Putting it all together, you need something more like this:
% Arbitrarily choose size of data.
n = 135; m = 247;
% Generate random complex input data
A = complex( parallel.gpu.GPUArray.rand(n, m, 'single'), ...
parallel.gpu.GPUArray.rand(n, m, 'single') );
B = complex( parallel.gpu.GPUArray.rand(n, m, 'single'), ...

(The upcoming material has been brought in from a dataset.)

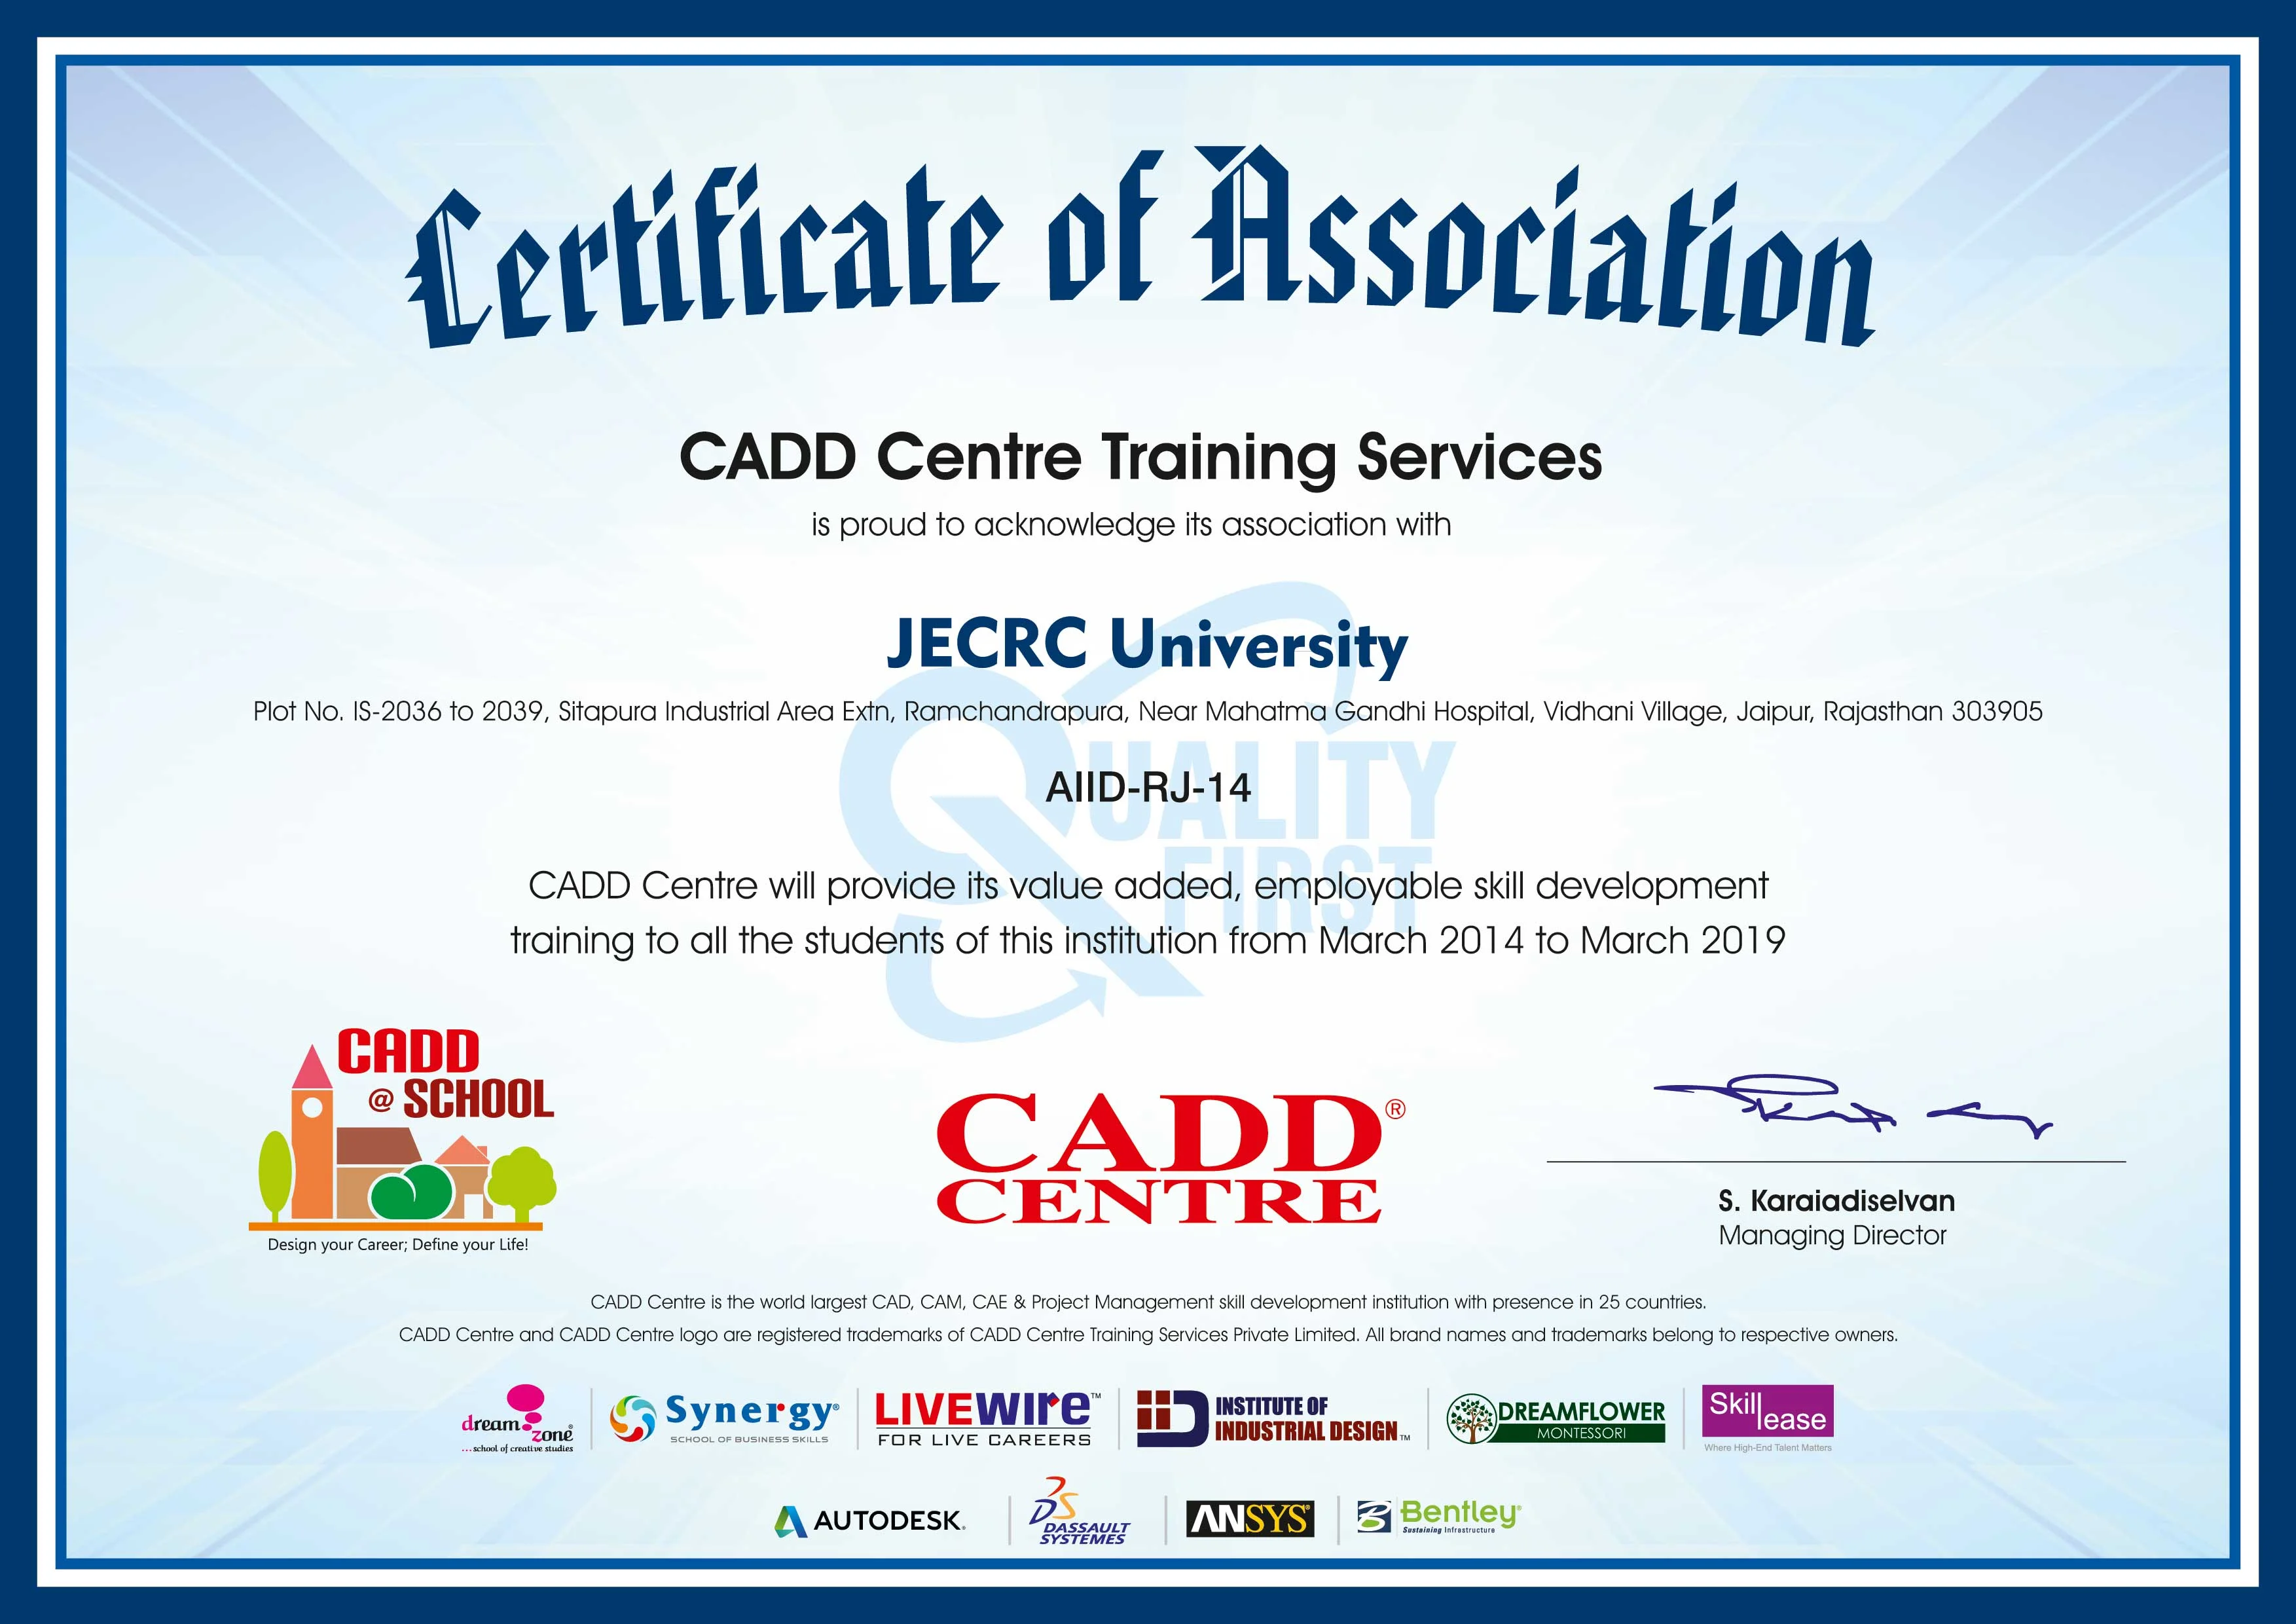 Jecrc_University
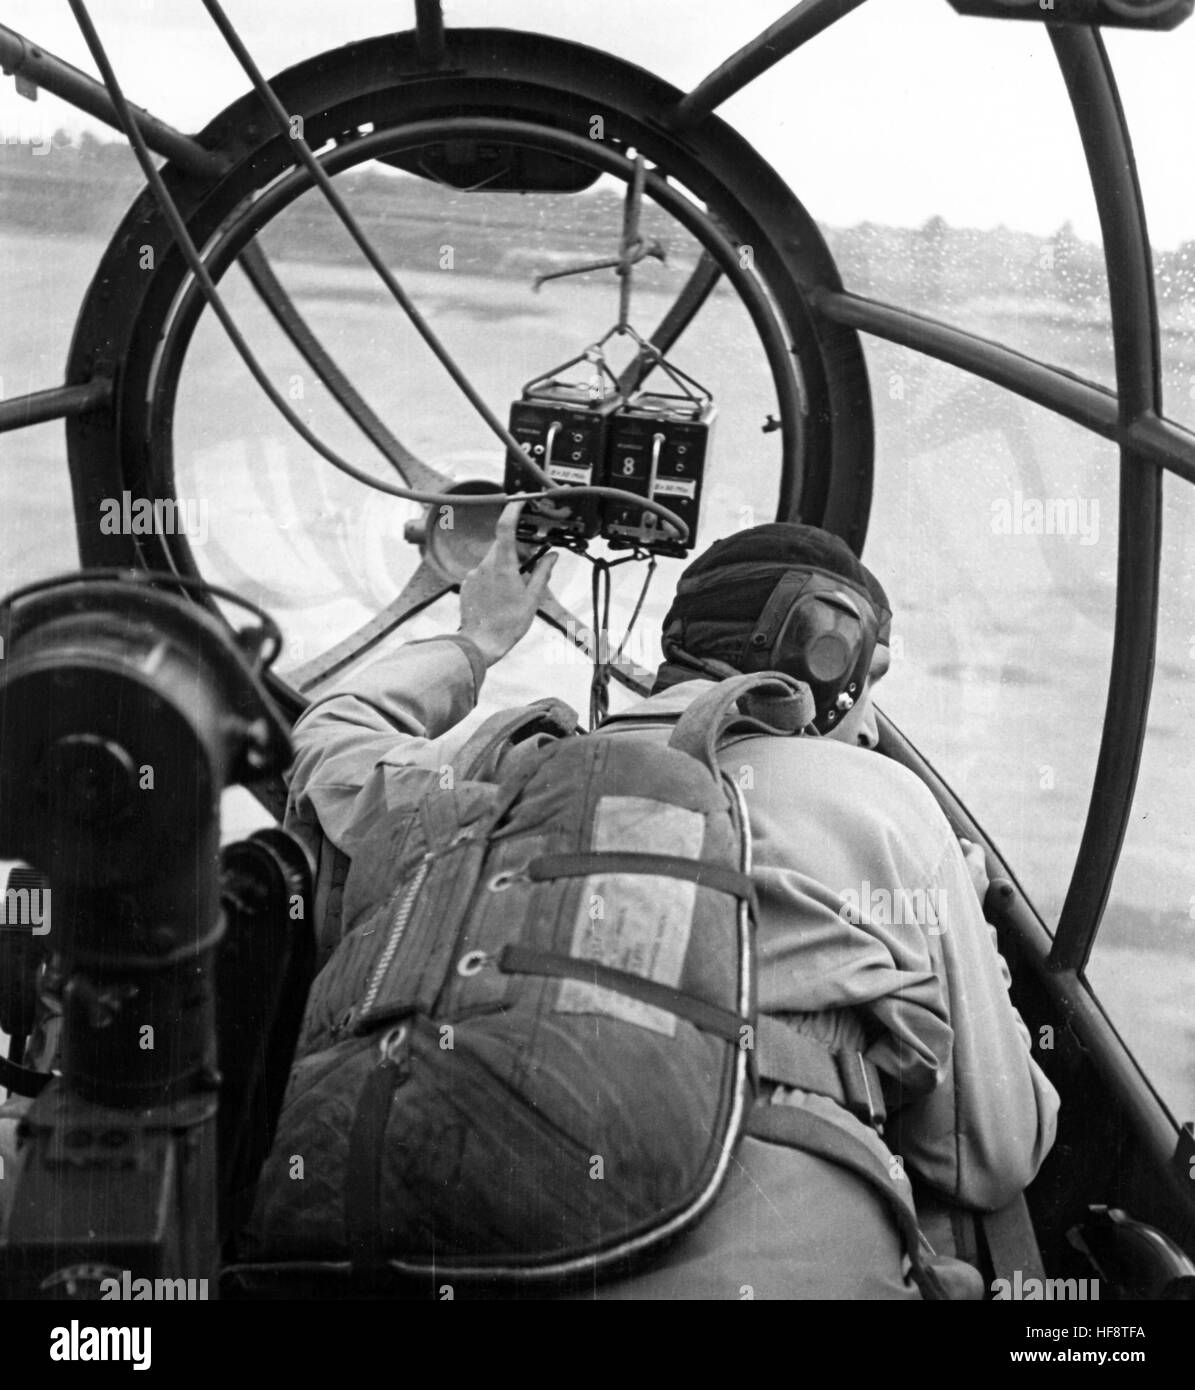 Das Nazi-Bild zeigt einen Testpiloten mit Maske und Fallschirm an einem Tacograph im Cockpit eines deutschen Luftwaffe Heinkel He 111 Kampfflugzeugs während eines Testflugs. Veröffentlichungsdatum unbekannt. Fotoarchiv für Zeitgeschichtee - KEIN WIRELESS-SERVICE - | weltweite Nutzung Stockfoto

parallel.gpu.GPUArray.rand(n, m, 'single') );
% Get the kernel
kernel = parallel.gpu.CUDAKernel('kern.ptx','kern.cu');
% Choose grid and block sizes
numThreads = numel(A);
blockSize = min( 256, kernel.MaxThreadsPerBlock );
gridSize = ceil( numThreads / blockSize );
% Set up the kernel
kernel.ThreadBlockSize = blockSize;
kernel.GridSize = gridSize;
% Pre-allocate the results
C_real = parallel.gpu.GPUArray.zeros(n, m, 'single');
C_imag = parallel.gpu.GPUArray.zeros(n, m, 'single');
[C_real, C_imag] = feval(kernel, numel(A), real(A), imag(A), real(B), imag(B), C_real, C_imag);
C = complex(C_real,C_imag);
% Check the results
C - A .* B
Also note that CUDAKernel can handle passing complex data in as 'float2'
(or 'double2'), so you could simplify your code by using those.
Cheers,
Edric.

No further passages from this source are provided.